发明名称 Speaker indexing device and speaker indexing method
摘要 A speaker indexing device extracts a plurality of features from a speech signal on a frame-by-frame basis, models a distribution of first feature sets by a mixture distribution containing as many probability distributions as there are speakers, selects for each probability distribution either first feature sets located within a predetermined distance from the center of the probability distribution or a predetermined number of first feature sets in sequence starting from the first feature set closest to the center of the probability distribution, selects a second feature for the frame corresponding to the selected first feature sets as first training data for the speaker corresponding to the probability distribution and, using the first training data, trains a speaker model to be used to append to each frame identification information for identifying the speaker speaking in the frame.

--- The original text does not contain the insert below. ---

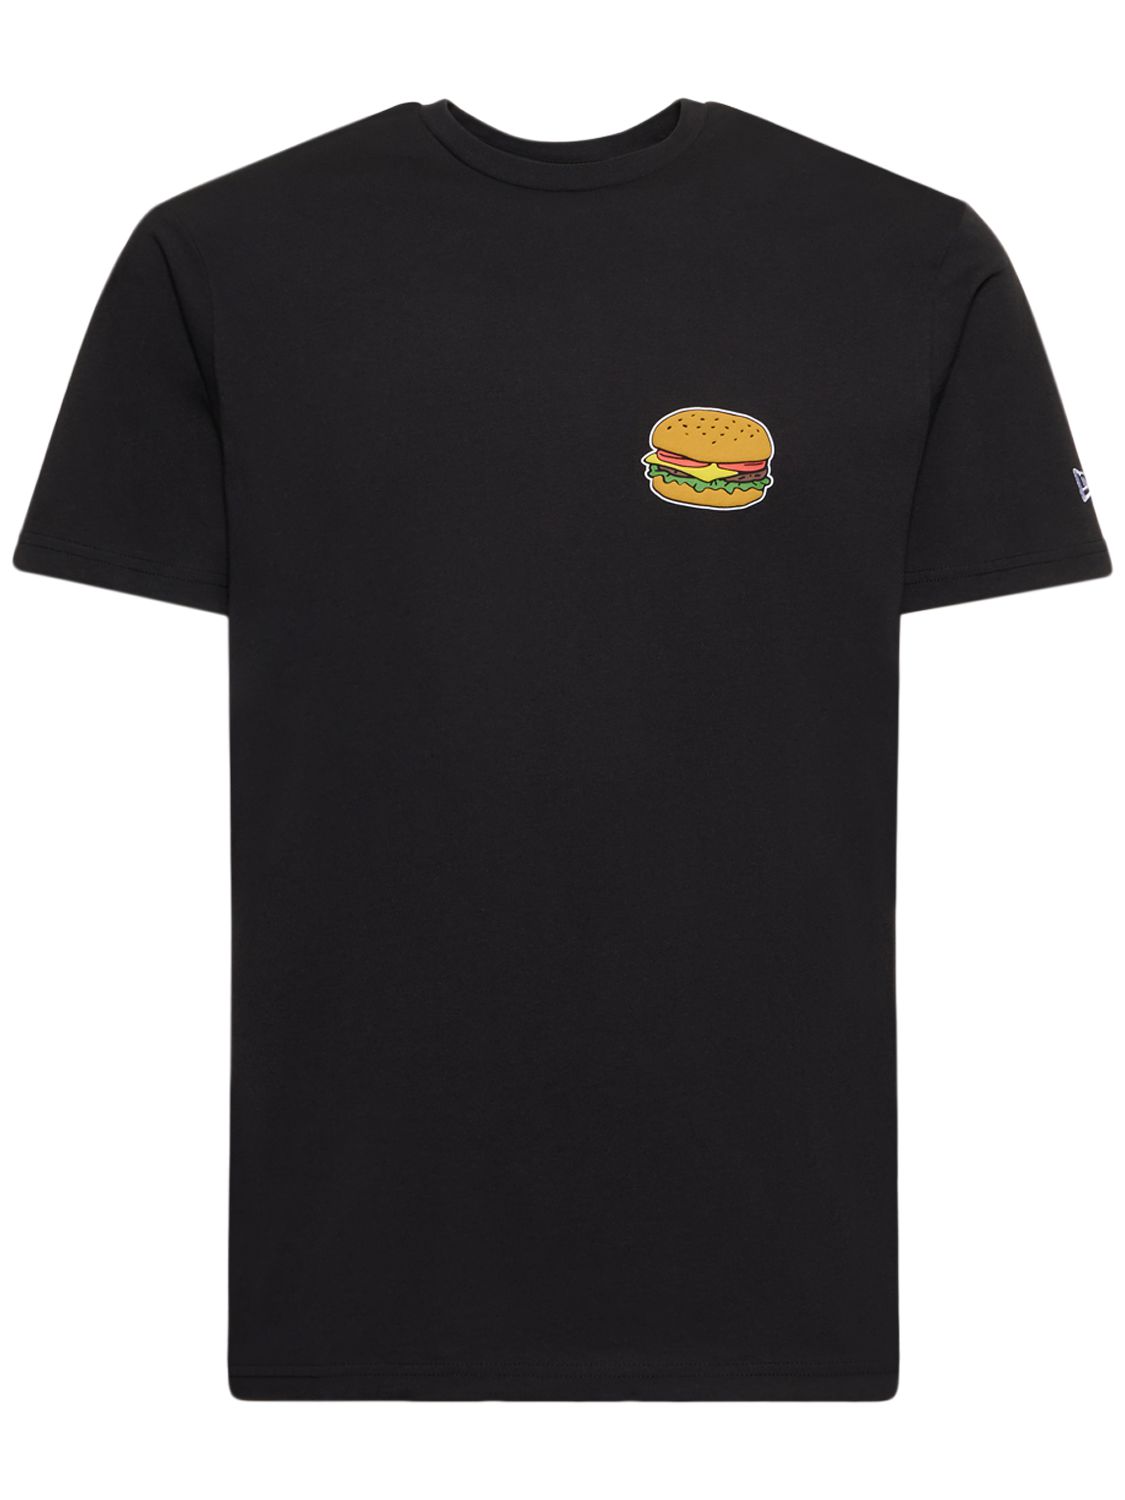 Hamburger Printed Cotton T-shirt
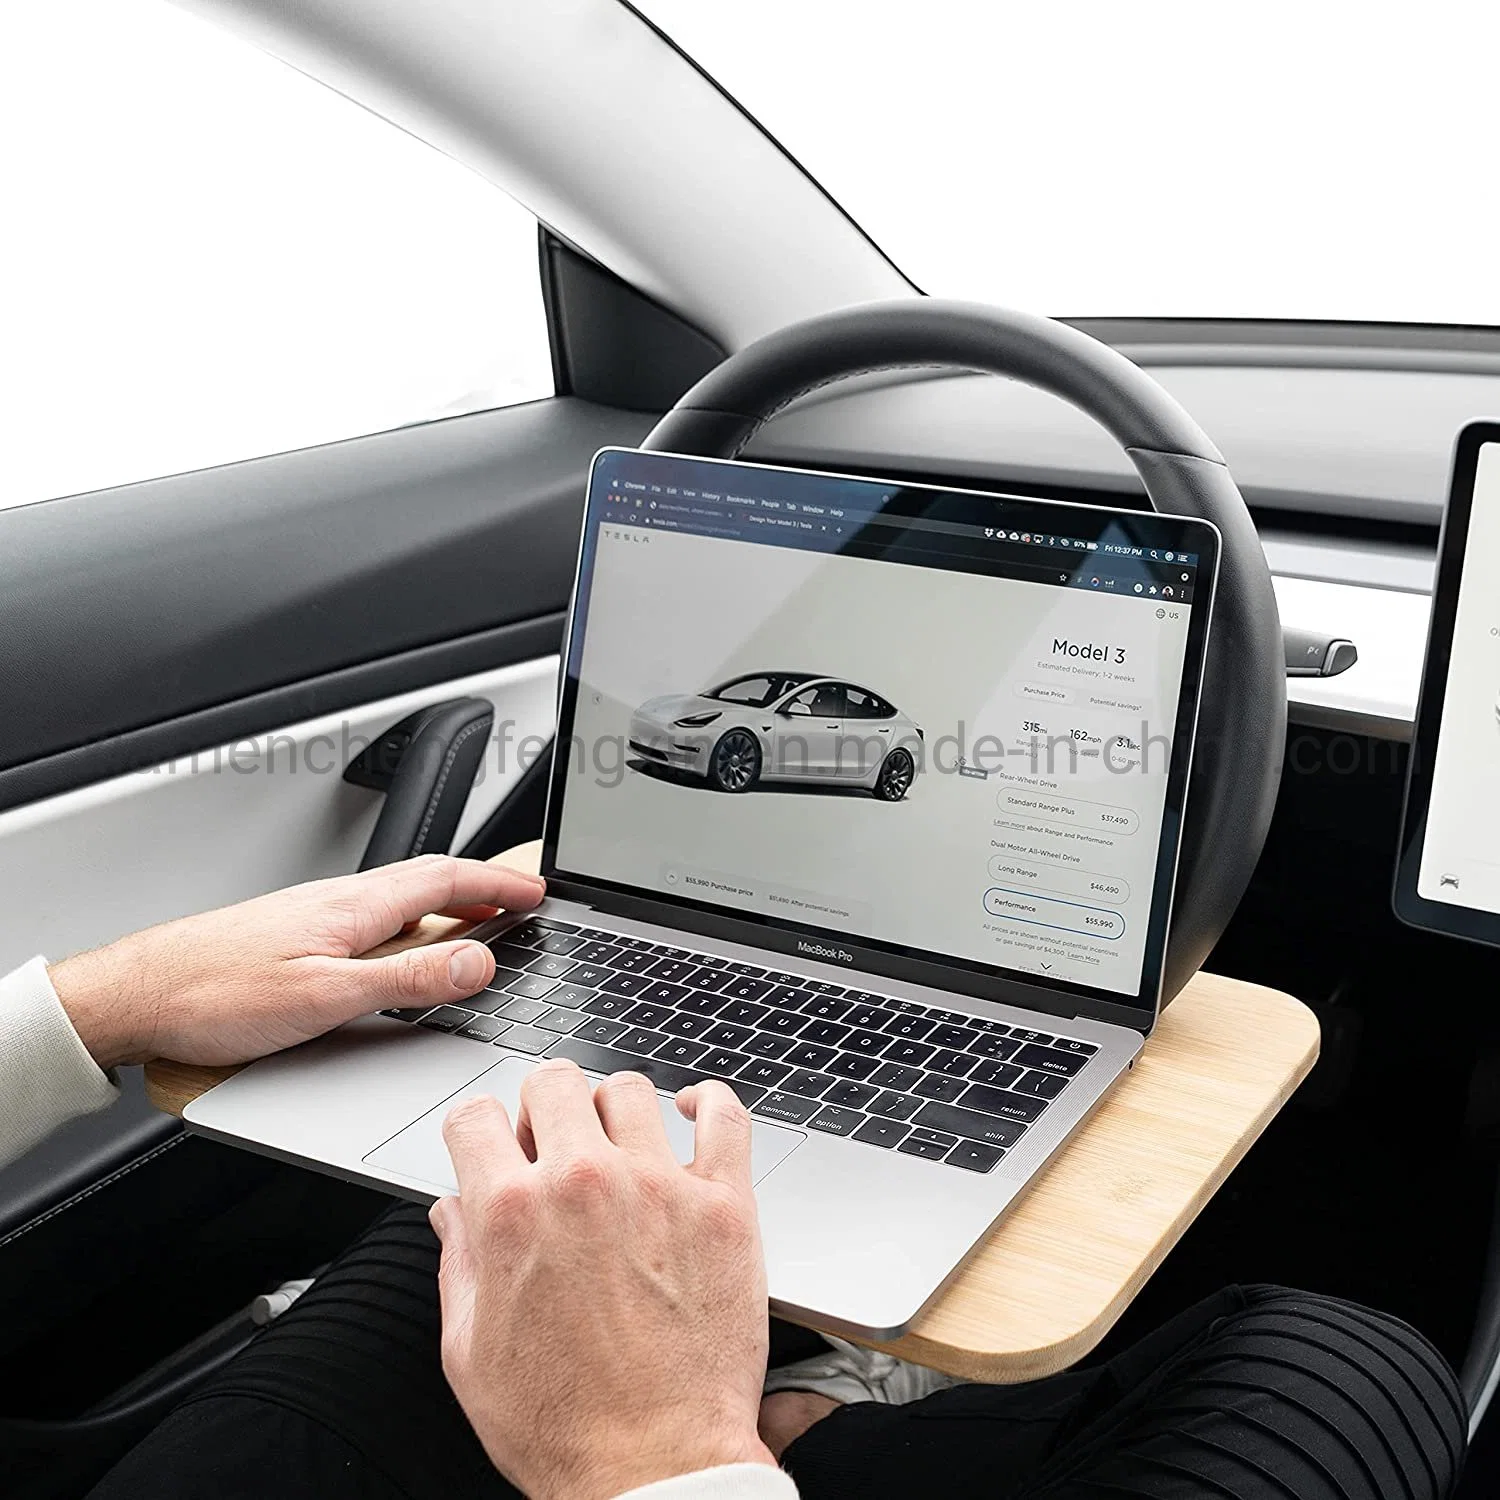 Plateau de volant - Mangez confortablement dans votre voiture - Bureau d'ordinateur portable pour travailler à distance - Convient à la plupart des voitures, y compris le modèle Tesla.

申请公布号 US9536525(B2) 申请公布日期 2017.01.03
申请号 US201514825653 申请日期 2015.08.13
申请人 FUJITSU LIMITED 发明人 Hayakawa Shoji
分类号 G10L17/00;G10L17/04;G10L17/02 主分类号 G10L17/00
代理机构 Fujitsu Patent Center 代理人 Fujitsu Patent Center
主权项 1. A speaker indexing device comprising: a processor configured to: from a speech signal containing a conversation between a plurality of speakers, extract at least one feature and a data set including at least two values on a frame-by-frame basis, each frame having a predetermined time length, the at least one feature and the data set representing human speech features; model a distribution of the data set extracted for each frame, by a mixture distribution that contains as many probability distributions as the number of speakers; for each of the probability distributions, select from among the data set extracted for each frame, either data sets located within a predetermined distance from the center of the probability distribution or a predetermined number of data sets in sequence starting from the data set closest to the center of the probability distribution, and select the at least one feature extracted for the frame corresponding to each selected data set, as first training data for speaker of the plurality of speakers that corresponds to the probability distribution; train a speaker model for each of the plurality of speakers by using the first training data selected for the corresponding speaker, the speaker model representing the speech features of the speaker by a probability distribution of the at least one feature; and based on the speaker model of each of the plurality of speakers and on the at least one feature for each frame, append to each frame identification information for identifying the speaker speaking in the frame.
地址 Kawasaki JP